Shadow Mapping is a technique that is used for generating shadows from light sources. The way it works is by rendering the scene from the light’s point of view and taking a “picture” where we capture the depth of each pixel and output it to a texture. Everything that is shown on the depth texture will be lit from the light source, and everything that is not on the texture but is inside the frustum of the light will have a shadow casted on, unless it is being lit by another light source.
After we have generated the depth map we just have to convert each rendered point to the light’s coordinate space, afterwards we index the shadow map to obtain the closest visible depth from the light’s perspective. Lastly, we compare both depths to determine if the rendered pixel’s depth is greater than the shadow map’s. In that case the point will be within shadows and thus will not be lit.
Fig. 2.6.1 Shadow projecting on plane from lightsource
For the Shadow Mapping implementation in our engine we have used ECS.
Each light is an entity that has its own transform and light component (Directional Light Component, Spotlight Component, etc.). Additionally, lights that are able to cast a shadow have the “Cast Shadow” component. This component stores the light’s depth texture, its material instance and its light space matrix, that way we can pass it on to the light’s shader when computing the shadows.
We use a system that runs after all of the geometries’ transformations are computed. This system goes through every light with the Cast Shadow component, generates the view and projection matrices for that light, attaches its’ depth texture to the framebuffer that will “take the picture” and finally renders the scene using the generated light space matrix. This way each light has its own shadow map that is generated rendering the scene as if it were a camera.
Finally, on the light’s fragment shader we compute the shadow and use this result to determine how much of each light will be applied to the pixel, if the light is not able to cast shadow the result will always be 1, so it will not affect the light’s result.
For computing the shadow first we perform a perspective divide and transform the projection coordinates to the range of 0 and 1 so that we can use these coordinates to sample from the Depth Map.
Fig 2.6.2 Point’s depth comparison
Fig 2.5.1 ECS
Fig. 2.6.5 PoissonDisk array
In order to achieve softer shadows and reduce the aliasing we have used the Poisson Sampling technique in combination with PCF (Percentage Closer Filtering). This means that we sample from the Shadow Map N number of times each time with different UV coordinates. Each time that the sample is occluded from the light source we subtract to the final light’s result, thus giving us an artificial gradiance on the shadow’s edges and softening them.

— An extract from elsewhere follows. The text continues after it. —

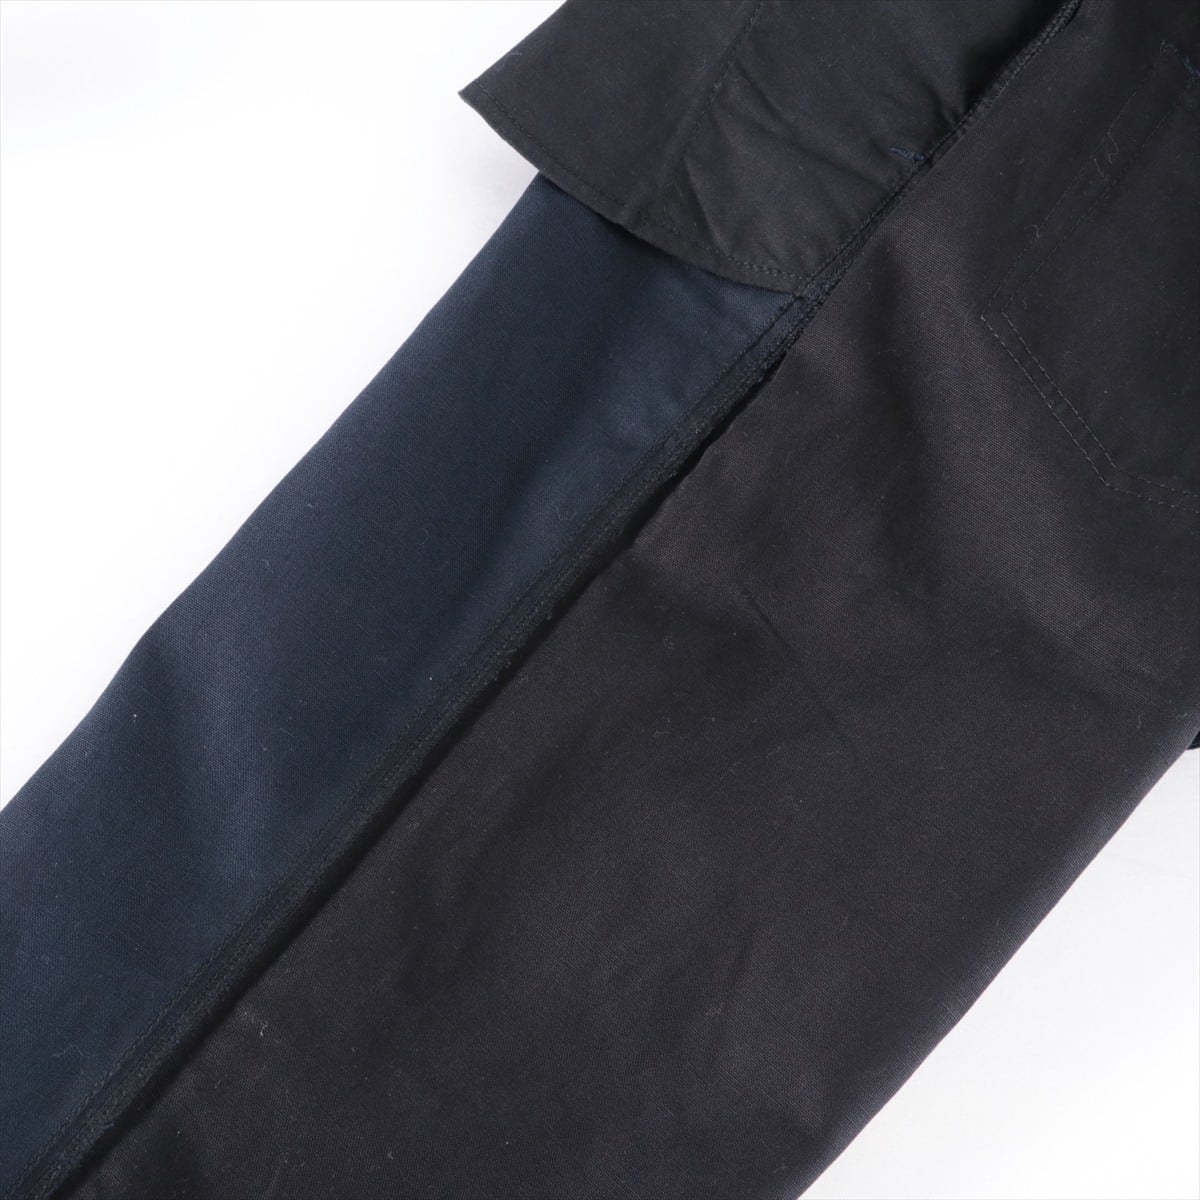 Loewe Cotton & linen Pants 44 Men's Navy blue
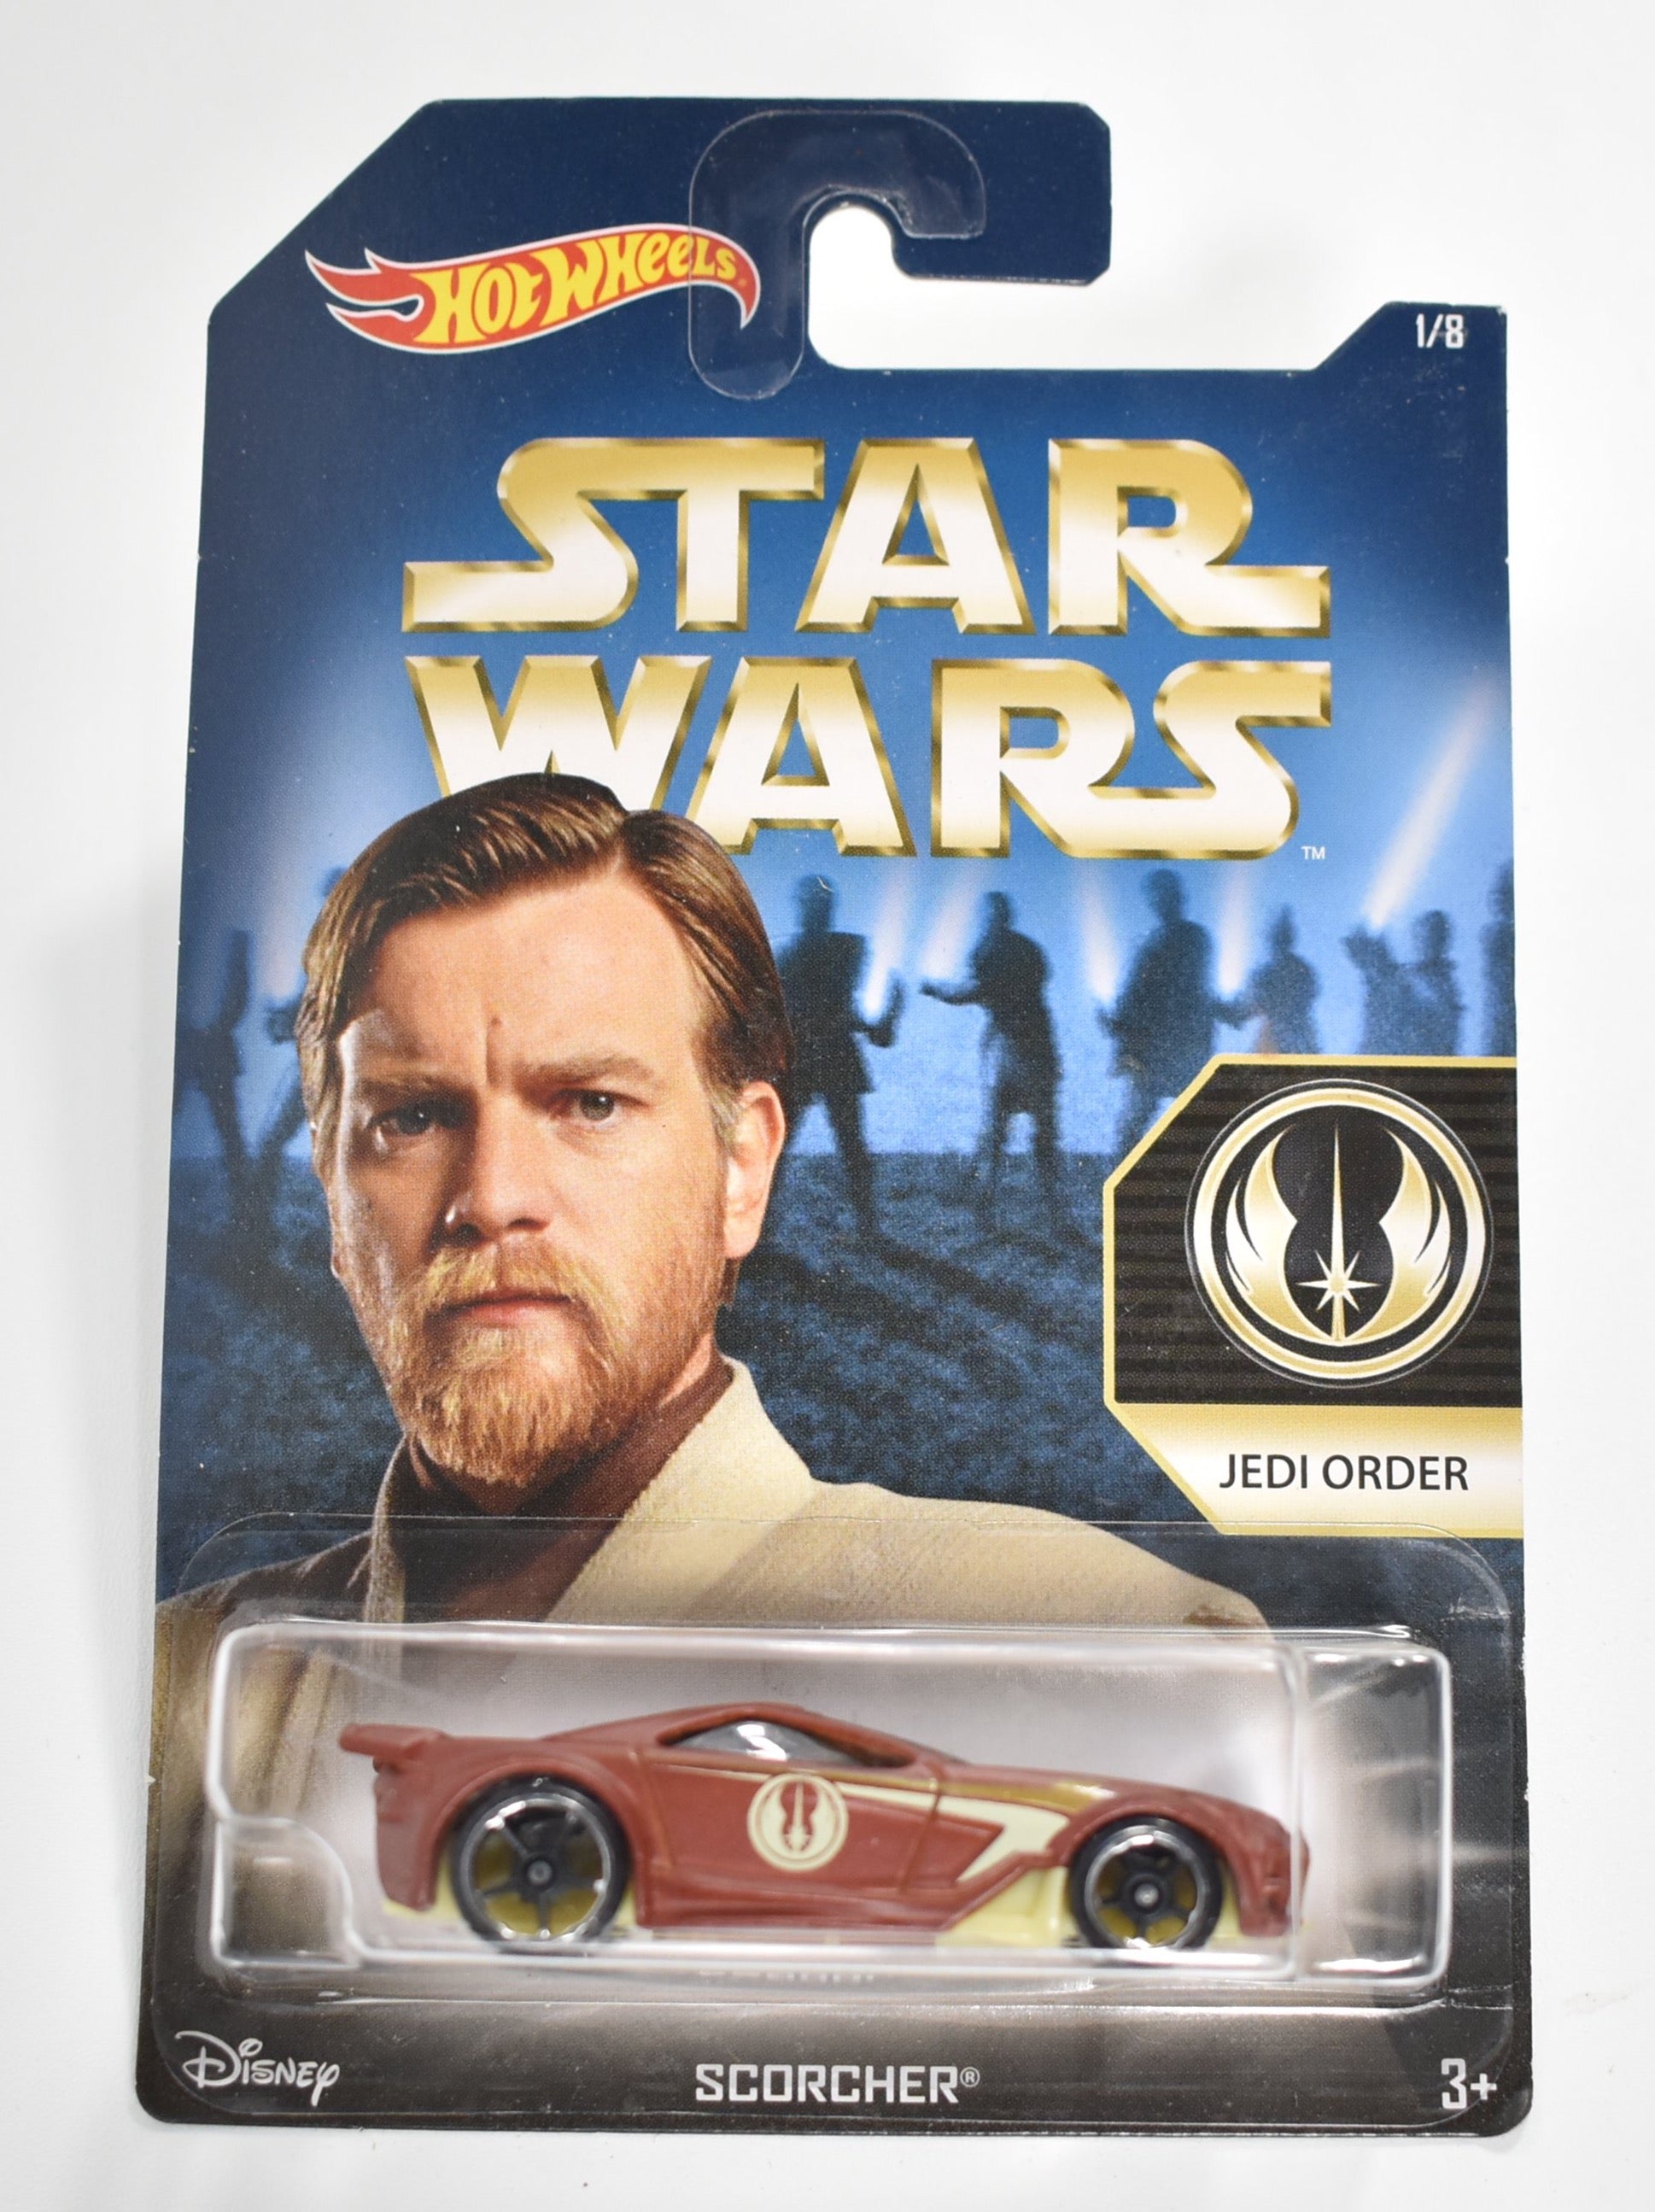 Hot Wheels diecast car Star Wars Jedi Order Scorcher 1/8

The “PoissonDisk” value that you see there is just an array containing constant vec2 that is used for randomizing the sampling.
In order to avoid shadow artifacts there are some solutions that we have implemented. The first and most noticeable shadow artifact is usually shadow acne, this occurs because of the limited resolution of the shadow map which means that multiple fragments sample from the same value. In order to avoid this we just need to add a bias to the depth comparison on the shader. This bias could be variable basing it on the surface’s normal and the light's direction, but during testing we found out that a constant value worked perfectly for us and we could avoid these extra calculations without any noticeable problem.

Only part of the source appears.